Handwriting vs. Hand Lettering

Handwriting vs. Hand Lettering
March 2, 2016 Daniel Palacios

Do you have to be good at handwriting to be a lettering artist?

The short answer is no.

You don’t have to be good at handwriting (cursive).

Writing is a separate art form compared to lettering, but they can compliment each other.

For example, you could start off by exploring ideas with a brush or pointed pen to generate letterforms, which is also known as calligraphy, then make adjustments and refine the original calligraphic sketches (lettering).

The end result will be a hand-lettered composition because you manually tweaked, traced and refined before settling on something you’re happy with.
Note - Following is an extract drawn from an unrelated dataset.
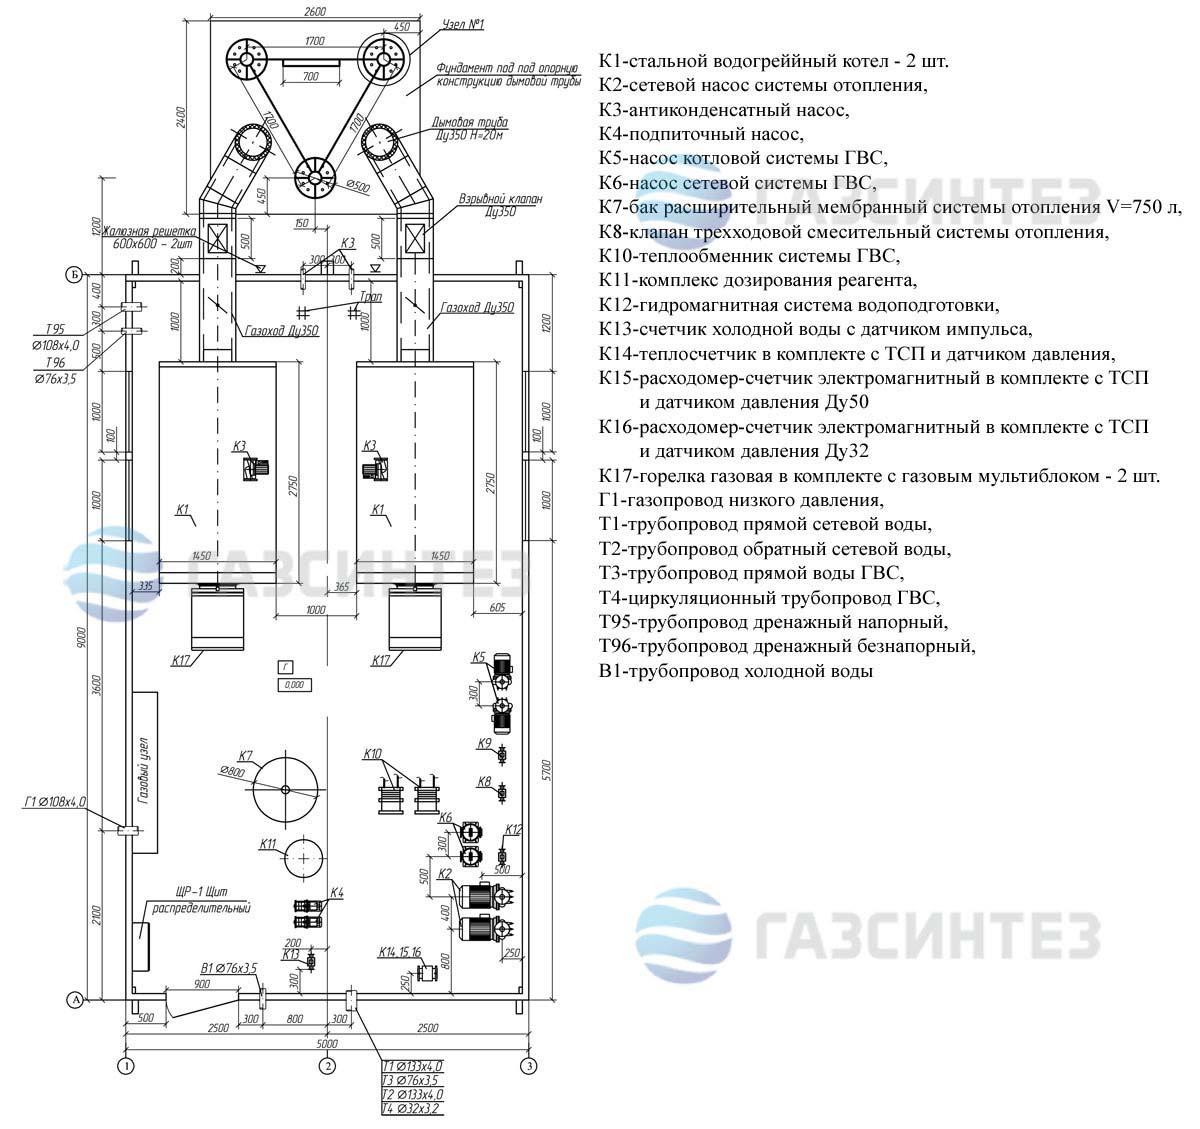 описание блочной котельной тку-500
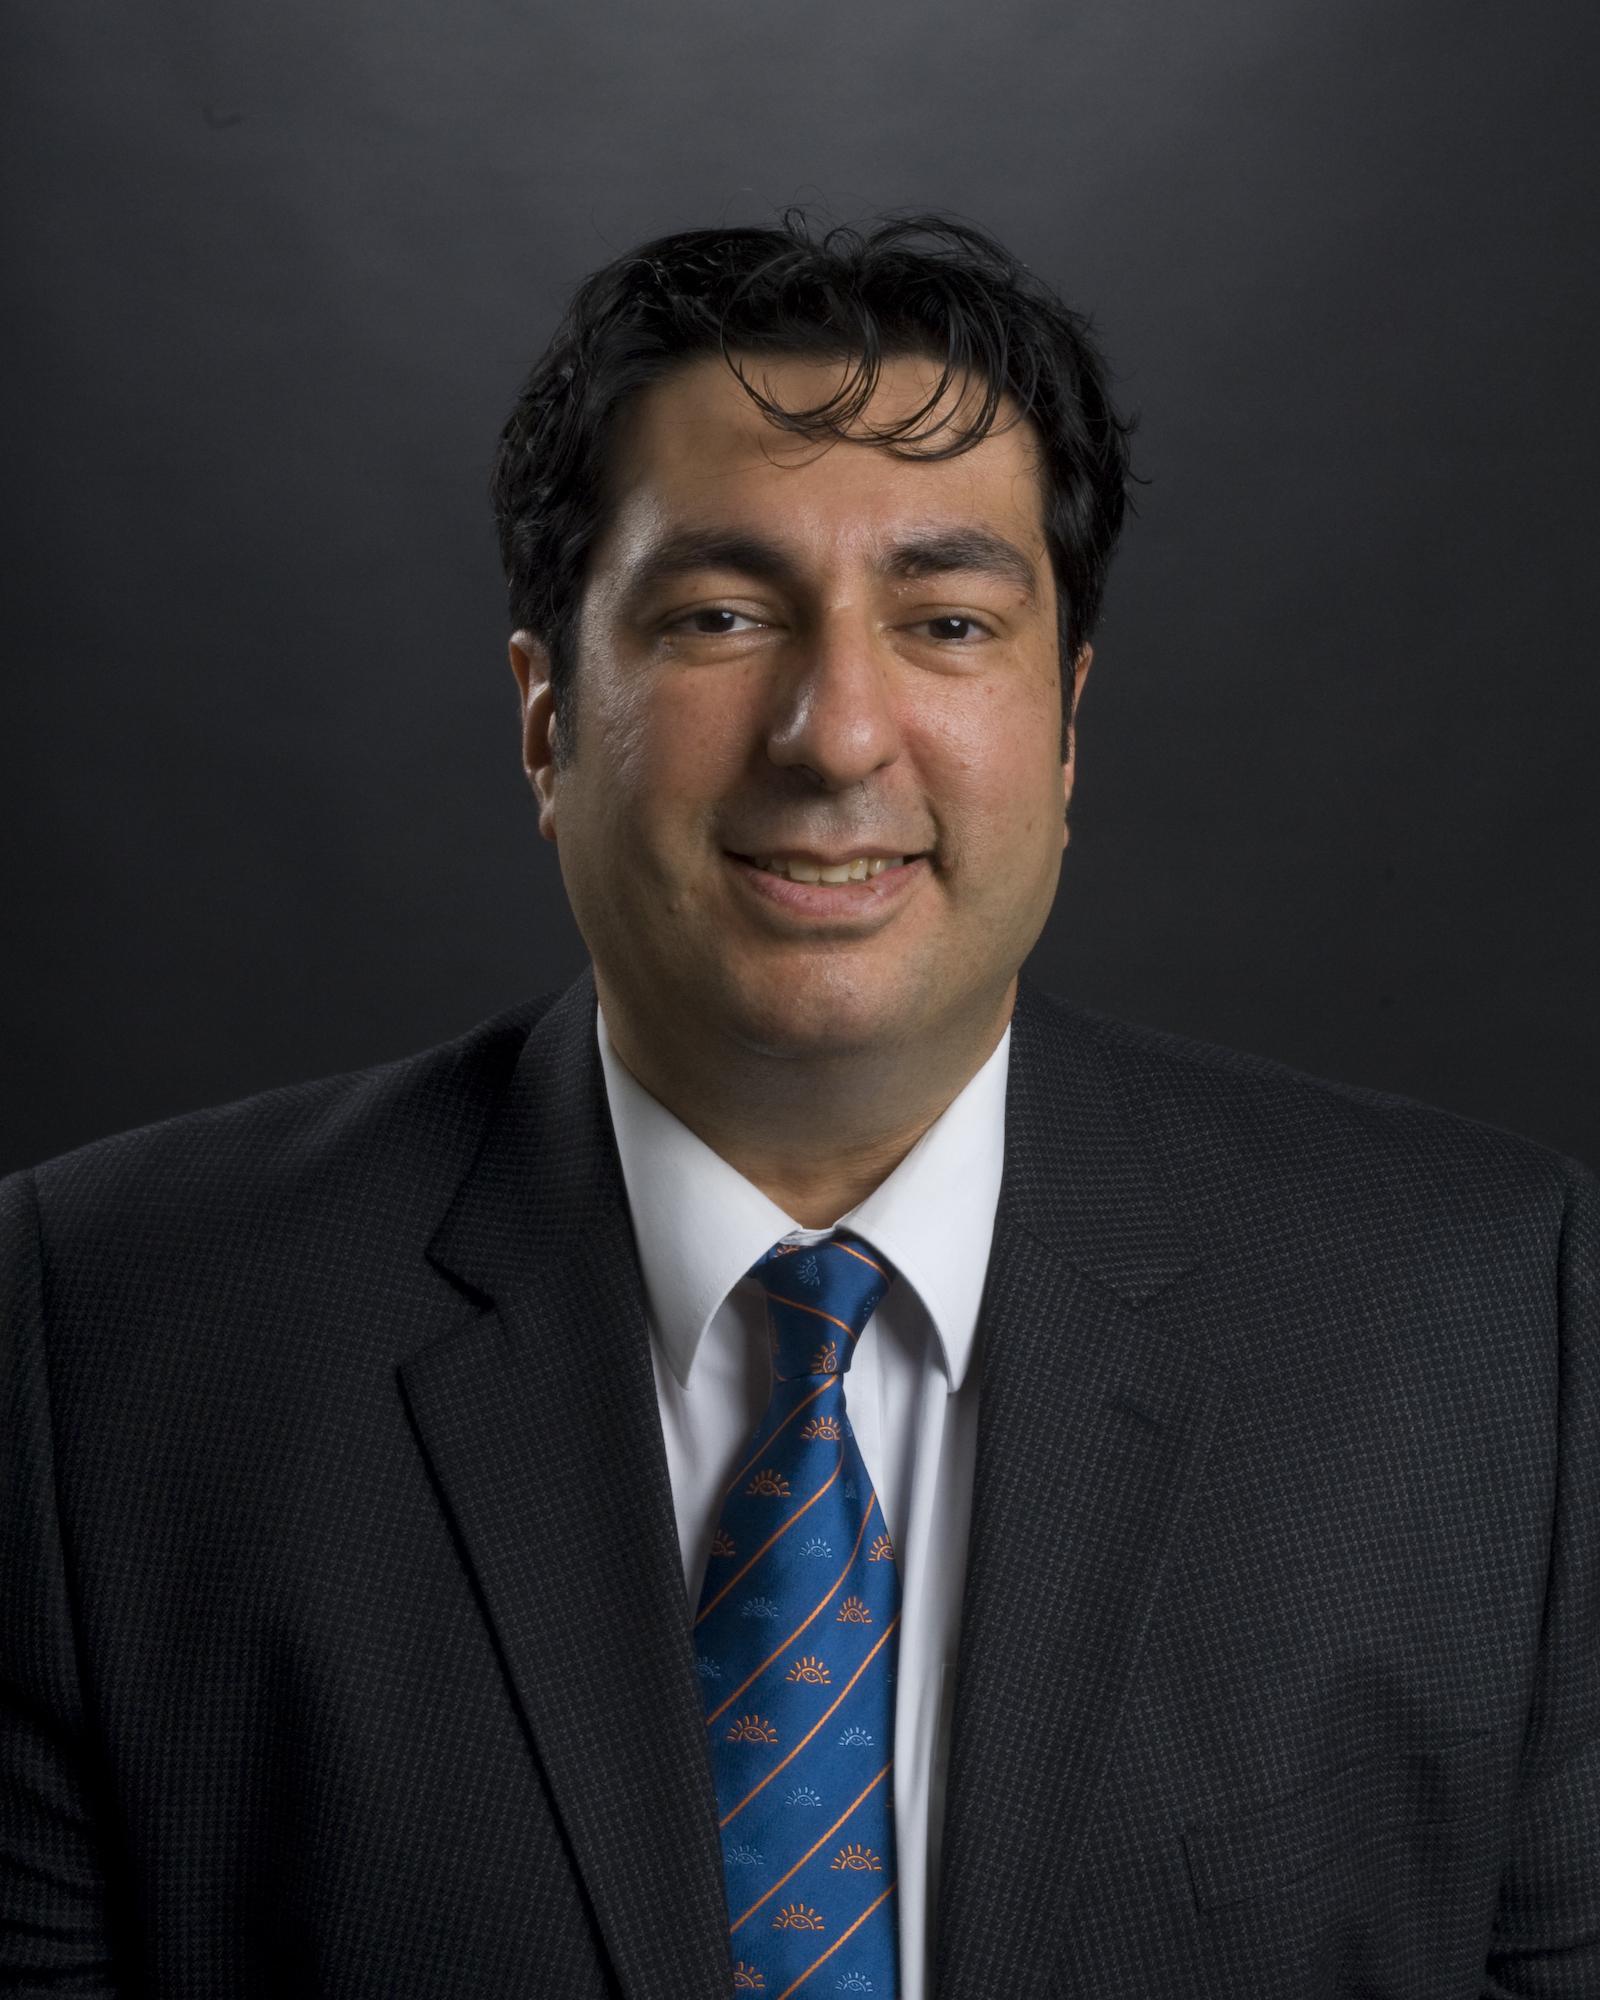 Mansoor Foroughi Consultant Neurosurgeon

This often gets mistaken for hand lettering. They are actually two independent things. Handwriting is what you probably learned in elementary school growing up. We all have a unique handwriting style, which can be developed over time. The most common examples are our individually personalized signatures.

Wikipedia does a decent job of summarizing the characteristics of handwriting below:

  • specific shape of letters, e.g. their roundness or sharpness
  • regular or irregular spacing between letters
  • the slope of the letters
  • the rhythmic repetition of the elements or arrhythmia
  • the pressure to the paper
  • the average size of letters
  • the thickness of letters

Aside from being a good foundation to lettering, it isn’t a prerequisite to be good at cursive if you want to be a lettering artist. There are various styles and forms of lettering, such as, script, serif, sans serif, slab serif (Egyptian) and blackletter. All of these can be hand-drawn with no prior handwriting experience. You can learn lettering by studying and practicing.

Hand Lettering

Other than having the word hand in common, hand lettering is different. The most common characteristic of lettering is that the letters are drawn, not written. Even if you start by using calligraphy and end up making subtle adjustments, then it’s technically lettering. It becomes lettering when you start altering your original hand-written sketch.

The important takeaway from this is to dissociate the idea that your handwriting is directly related to lettering. It can certainly help if you’re comfortable at handwriting, but your normal writing style and lettering style should be different. Don’t be surprised by this.


Can you emulate a handwritten style by drawing? Sure.

Anything is possible, but it takes time. As you get comfortable with calligraphy, you can manually add weight to a monoline script or “skeleton” using a pencil or pen to create the thick strokes. The problem with doing it this way is that you can lose some of the handwritten qualities, like the natural rhythm and flow. It can also take several months or years of experience before you get to this level, but know that it is an option.

If your goal is to create a handwritten style logo, then be intentional with the tools you use and make adjustments accordingly.

Handwriting isn’t exactly the golden ticket to becoming a good lettering artist, but it’s a great companion. You can always practice.